CEHRD, therefore, challenges the duo of the federal Ministry of Agriculture and the FAO to provide the Nigerian public with global case studies - if any exist - to support their claim that shrimp farming is sustainable and translates to economic gains for the local communities. On the contrary, however, available records and CEHRD's field visits to shrimp farms in Asia reveal that industrial shrimp culture degrades coastal environment, erodes age-old livelihood structures of rural inhabitants and deepen poverty by the replacement of diverse life-support wetlands like mangrove with monoculture shrimp production.

Moreover, farmed shrimps are exported to the developed world and do not in any way enhance the food security of the local people.

Shrimps are generally susceptible to poor water quality and prone to diseases epidemics. Commercial shrimp culture, therefore, relies on routine application of antibiotics and other toxicants to forestall parasites and diseases infestation. Pond water is renewed regularly, resulting in the discharge of contaminated wastewater to surrounding river basin. This causes pollution of the receiving water and bioaccumulation of persistent toxicants in wild food organisms. Worse still, large expanses of mangrove, oftentimes, are cleared for shrimp pond construction.

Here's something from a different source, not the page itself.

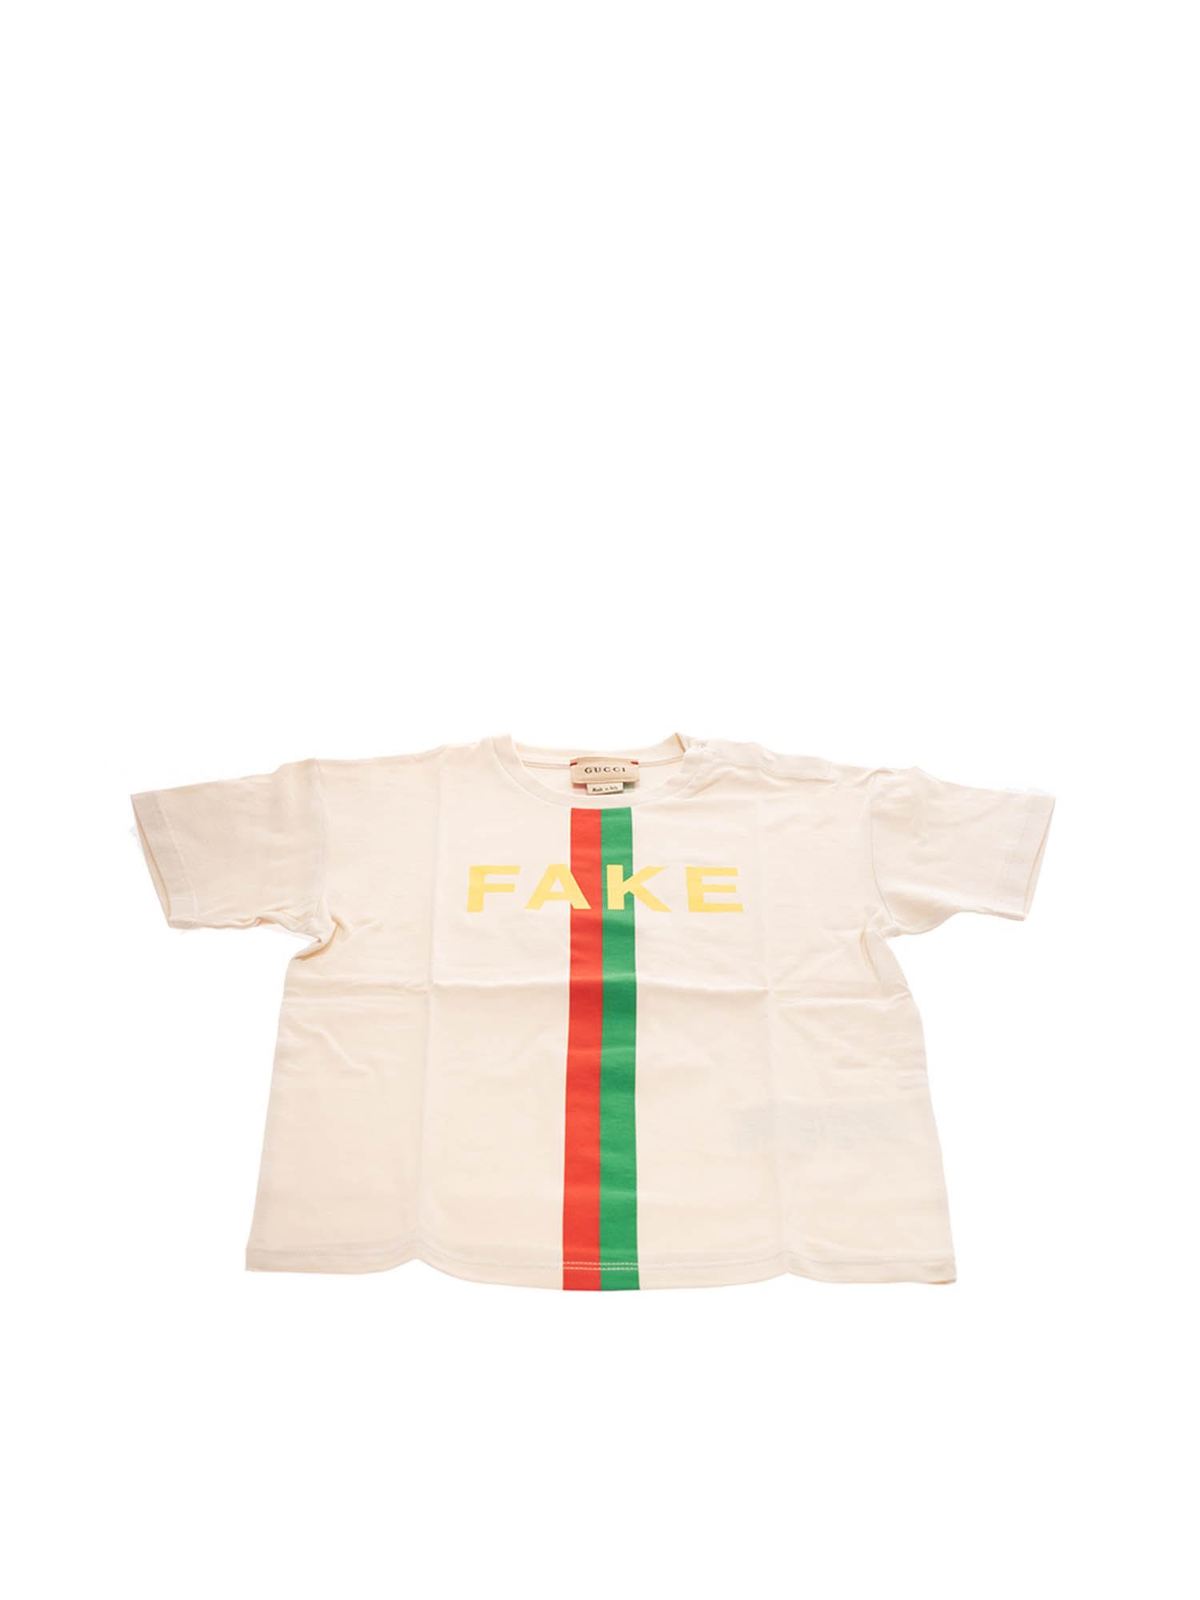 this is not gucci t shirt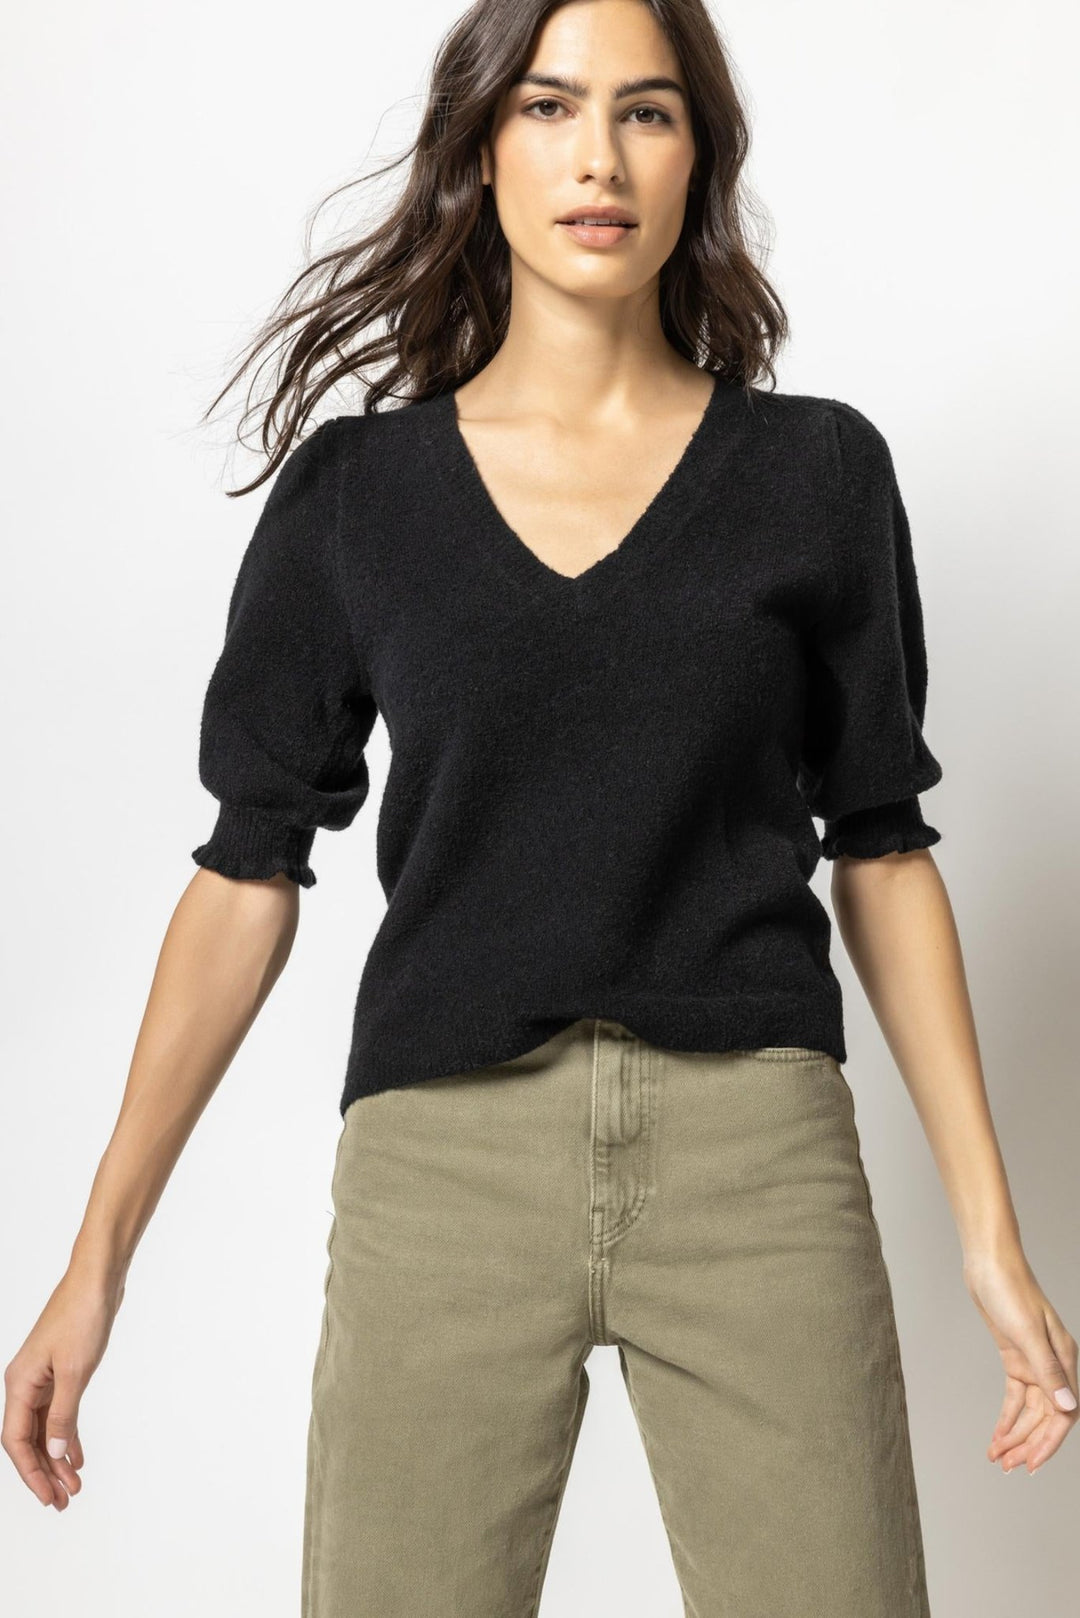 Lilla P - Elbow Sleeve V-Neck Sweater: Black - Shorely Chic Boutique

For instance, 269,000ha of mangrove in Indonesia have been converted to shrimp ponds. Shrimp ponds are not sustainable and often are abandoned without re-vegetation schemes to restore the hitherto mangrove community. Nigeria cannot afford to loose the shrinking remnants of her mangrove area to unsustainable shrimp culture. The mangrove of the Niger Delta is the largest in Africa and the fourth largest in the world, and has been adjudged a key zone for the conservation of the western coast of Africa due to its extraordinary biodiversity. Studies have shown that 60% of the fishes in the Gulf of Guinea breed in the mangrove of the Niger Delta. Already the mangrove of the Niger Delta is threatened and shrinking by the synergistic effects of oil spill toxicity, over-logging, spread of nypa palm, and clearance for the passage of oil pipes and seismic lines, swamp reclamation for urban development, etc.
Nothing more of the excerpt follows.